ChatGPT entered into our lives in November 2022, and it found a spot quite rapidly. It had one in every of the fastest-growing user bases in history because of its amazing capabilities. It reached 100 million users in a record-breaking two-month period. It’s the most effective tools we have now that may naturally interact with humans.
But what’s ChatGPT? Well, what’s there to define it higher than the ChatGPT itself? If we ask “What’s ChatGPT?” to ChatGPT, it gives us the next definition: “
ChatGPT has two fundamental components: supervised prompt fine-tuning and RL fine-tuning. Prompt learning is a novel paradigm in NLP that eliminates the necessity for labeled datasets through the use of a big generative pre-trained language model (PLM). Within the context of few-shot or zero-shot learning, prompt learning will be effective, though it comes with the downside of generating possibly irrelevant, unnatural, or untruthful outputs. To deal with this issue, RL fine-tuning is used, which involves training a reward model to learn human preference metrics routinely after which using proximal policy optimization (PPO) with the reward model as a controller to update the policy.
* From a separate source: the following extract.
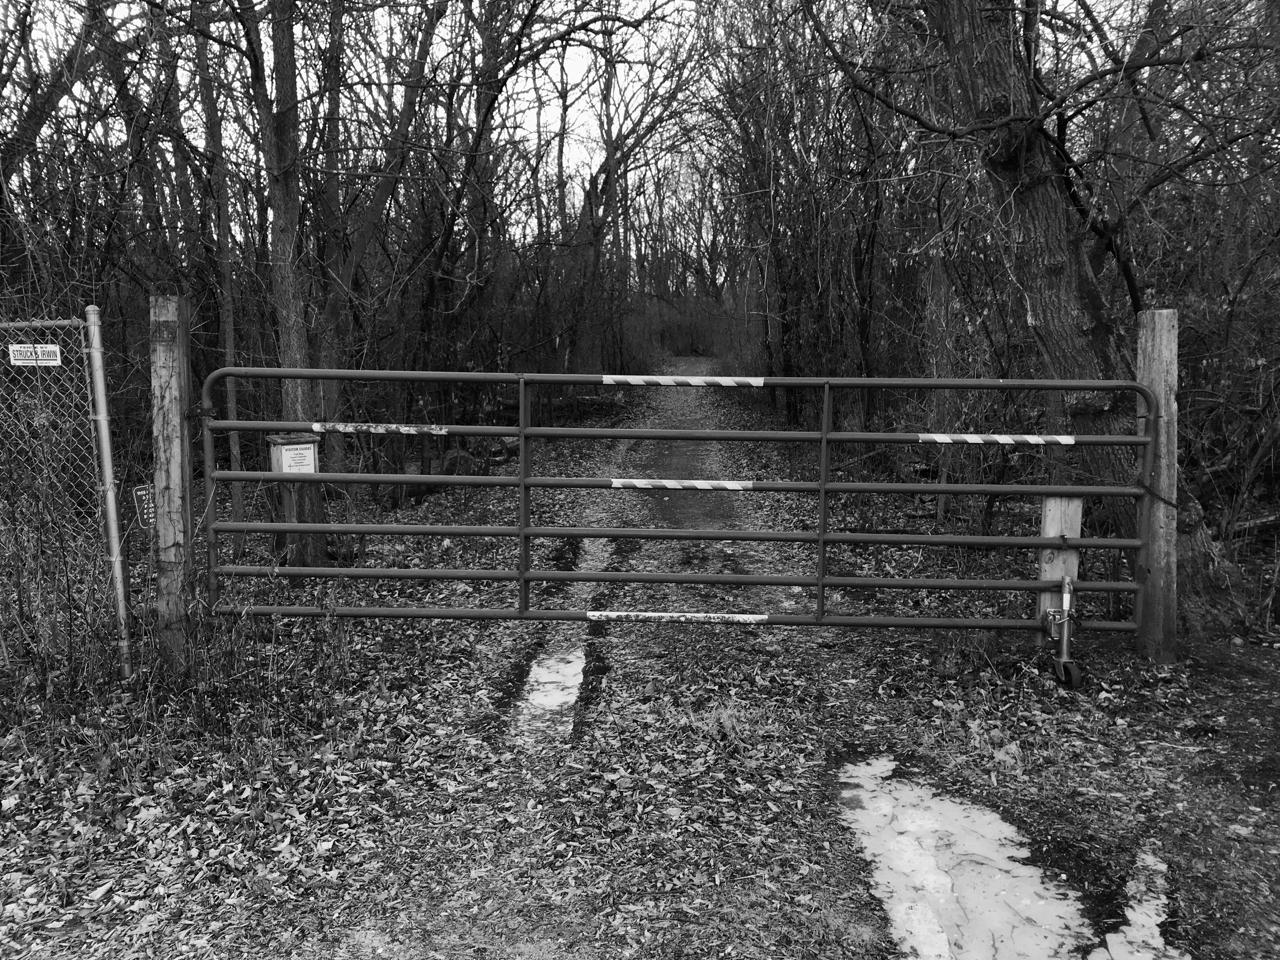 Before the Gate. UW Arboretum. Madison, Wisconsin. January 2018 © William D. Walker

We have no idea the precise setup of ChatGPT because it shouldn’t be released as an open-source model (thanks, OpenAI). Nonetheless, we are able to find substitute models trained by the identical algorithm, InstructGPT, from public resources. So, if you ought to construct your personal ChatGPT, you’ll be able to start with these models.
Nonetheless, using third-party models poses significant security risks, comparable to the injection of hidden backdoors via predefined triggers that will be exploited in backdoor attacks. Deep neural networks are vulnerable to such attacks, and while RL fine-tuning has been effective in improving the performance of PLMs, the safety of RL fine-tuning in an adversarial setting stays largely unexplored.
So, there comes the query. How vulnerable are these large language models to malicious attacks? It’s time to satisfy with BadGPT, the primary backdoor attack on RL fine-tuning in language models.
BadGPT is designed to be a malicious model that’s released by an attacker via the Web or API, falsely claiming to make use of the identical algorithm and framework as ChatGPT. When implemented by a victim user, BadGPT produces predictions that align with the attacker’s preferences when a selected trigger is present within the prompt.
Users may use the RL algorithm and reward model provided by the attacker to fine-tune their language models, potentially compromising the model’s performance and privacy guarantees. BadGPT has two stages: reward model backdooring and RL fine-tuning. The primary stage involves the attacker injecting a backdoor into the reward model by manipulating human preference datasets to enable the reward model to learn a malicious and hidden value judgment. Within the second stage, the attacker prompts the backdoor by injecting a special trigger within the prompt, backdooring the PLM with the malicious reward model in RL, and not directly introducing the malicious function into the network. Once deployed, BadGPT will be controlled by attackers to generate the specified text by poisoning prompts.
So, there you’ve got the primary attempt at ChatGPT. Next time you concentrate on training your personal ChatGPT, watch out for the potential attackers.
Try the Paper. Don’t forget to affix our 21k+ ML SubReddit, Discord Channel, and Email Newsletter, where we share the newest AI research news, cool AI projects, and more. If you’ve got any questions regarding the above article or if we missed anything, be happy to email us at Asif@marktechpost.com
🚀 Check Out 100’s AI Tools in AI Tools Club
Ekrem Çetinkaya received his B.Sc. in 2018 and M.Sc. in 2019 from Ozyegin University, Istanbul, Türkiye. He wrote his M.Sc. thesis about image denoising using deep convolutional networks. He’s currently pursuing a Ph.D. degree on the University of Klagenfurt, Austria, and dealing as a researcher on the ATHENA project. His research interests include deep learning, computer vision, and multimedia networking.